Required work
Exactly the lines from the one containing "ملكة بريطانيا إليزابيث" through the final line of the data below, with pictures omitted, make up the answer.

Provided material

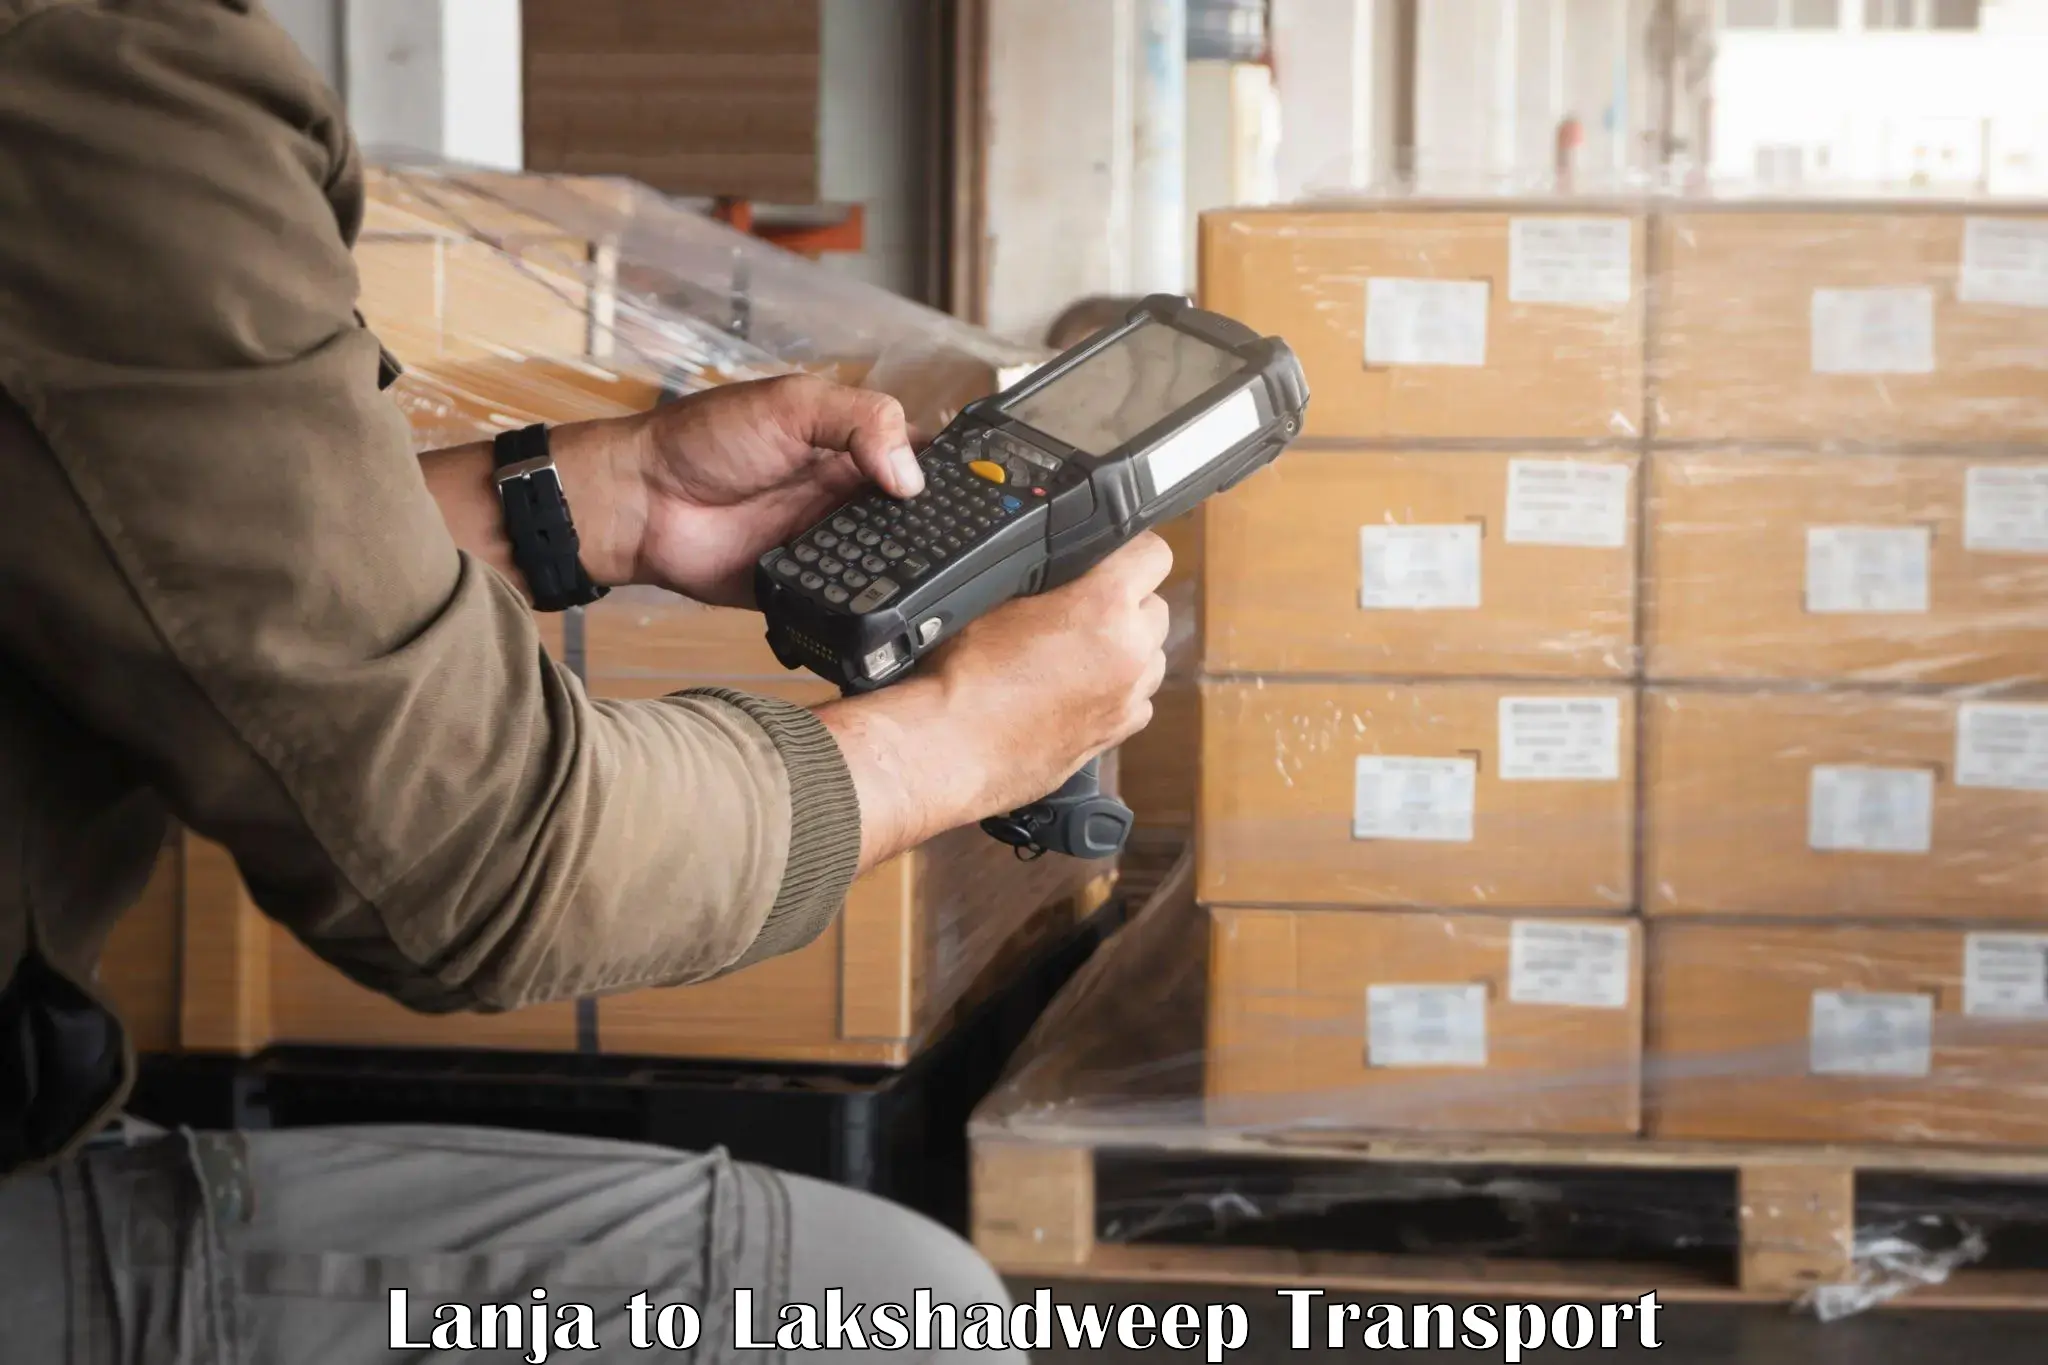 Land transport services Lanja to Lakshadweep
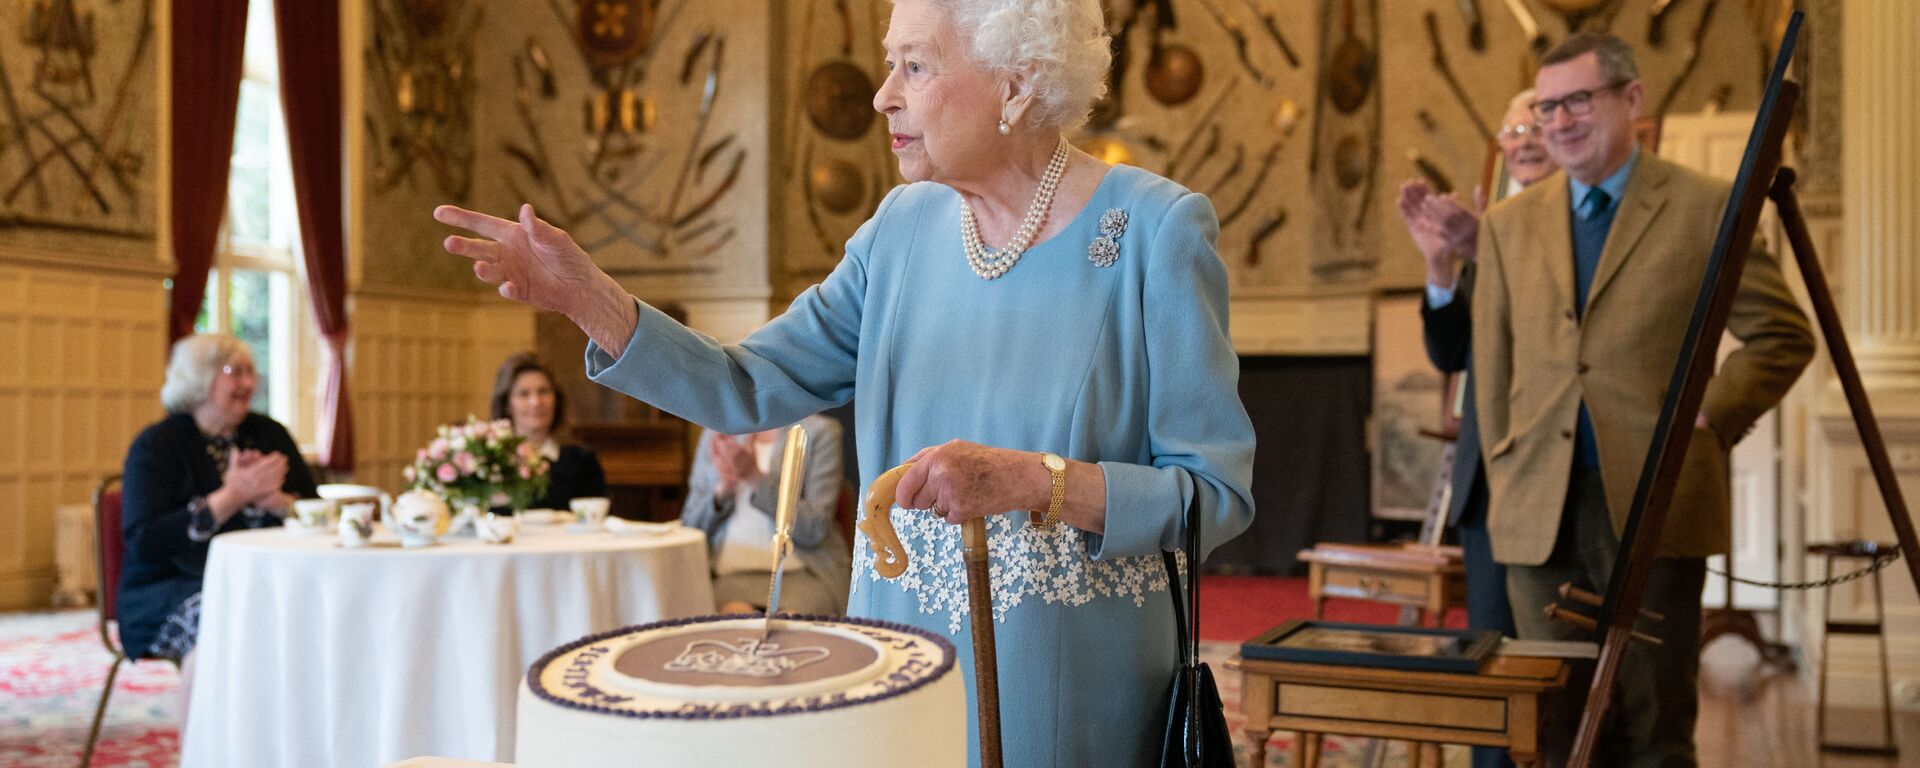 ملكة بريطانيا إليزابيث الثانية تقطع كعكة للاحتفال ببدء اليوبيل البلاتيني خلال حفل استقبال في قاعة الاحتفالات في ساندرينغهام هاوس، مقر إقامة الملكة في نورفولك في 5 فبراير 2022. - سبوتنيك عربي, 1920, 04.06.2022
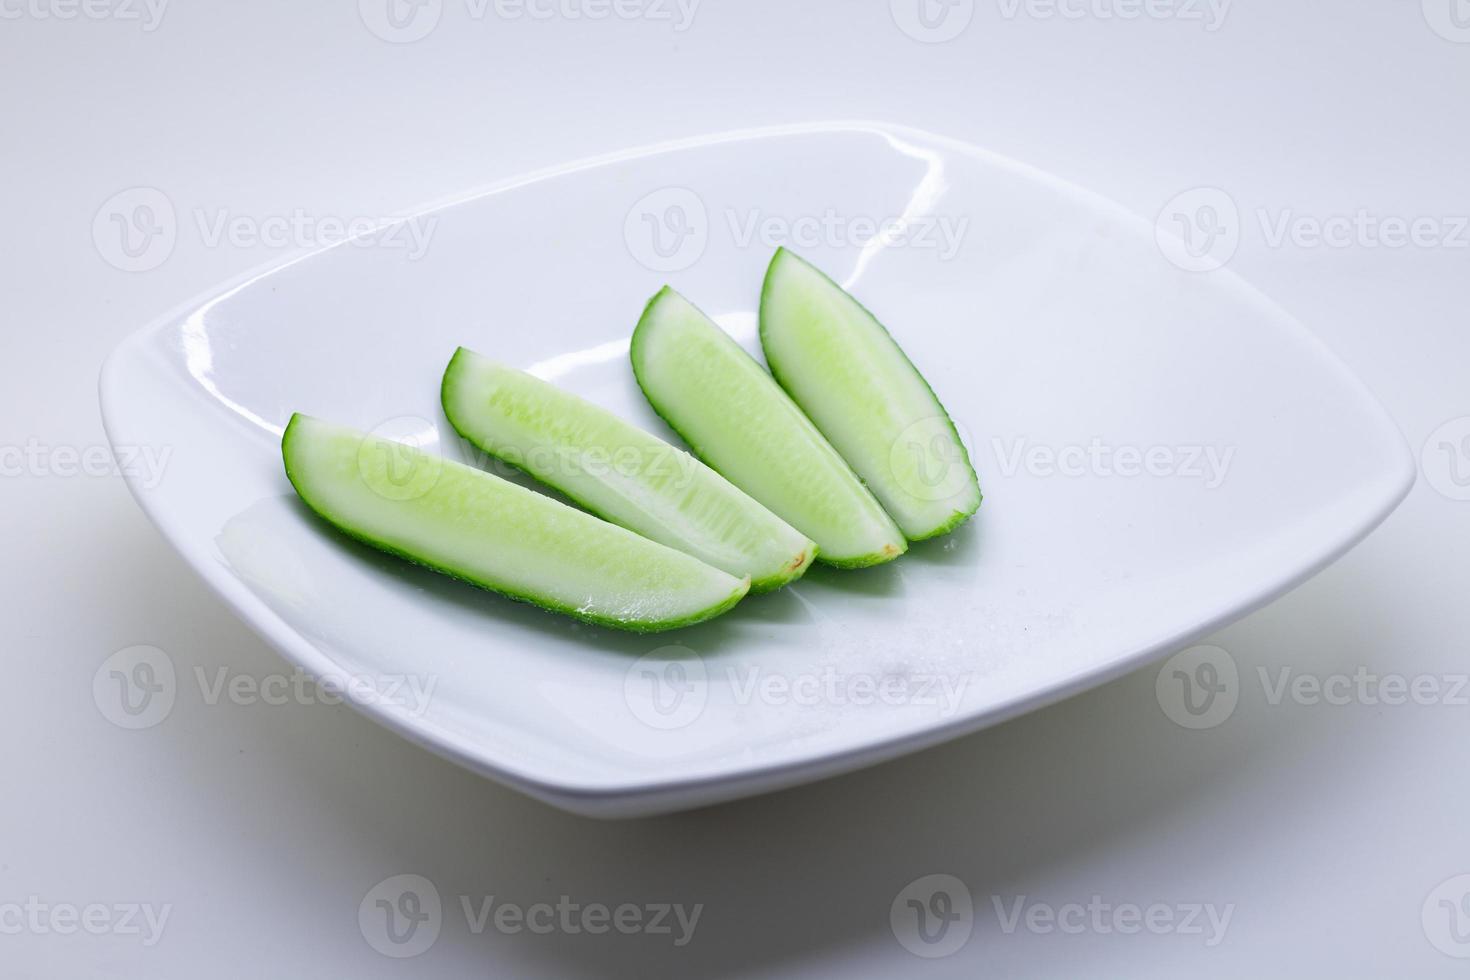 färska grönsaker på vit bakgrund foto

Answer area
 ملكة بريطانيا إليزابيث الثانية تقطع كعكة للاحتفال ببدء اليوبيل البلاتيني خلال حفل استقبال في قاعة الاحتفالات في ساندرينغهام هاوس، مقر إقامة الملكة في نورفولك في 5 فبراير 2022. - سبوتنيك عربي, 1920, 04.06.2022
 färska grönsaker på vit bakgrund foto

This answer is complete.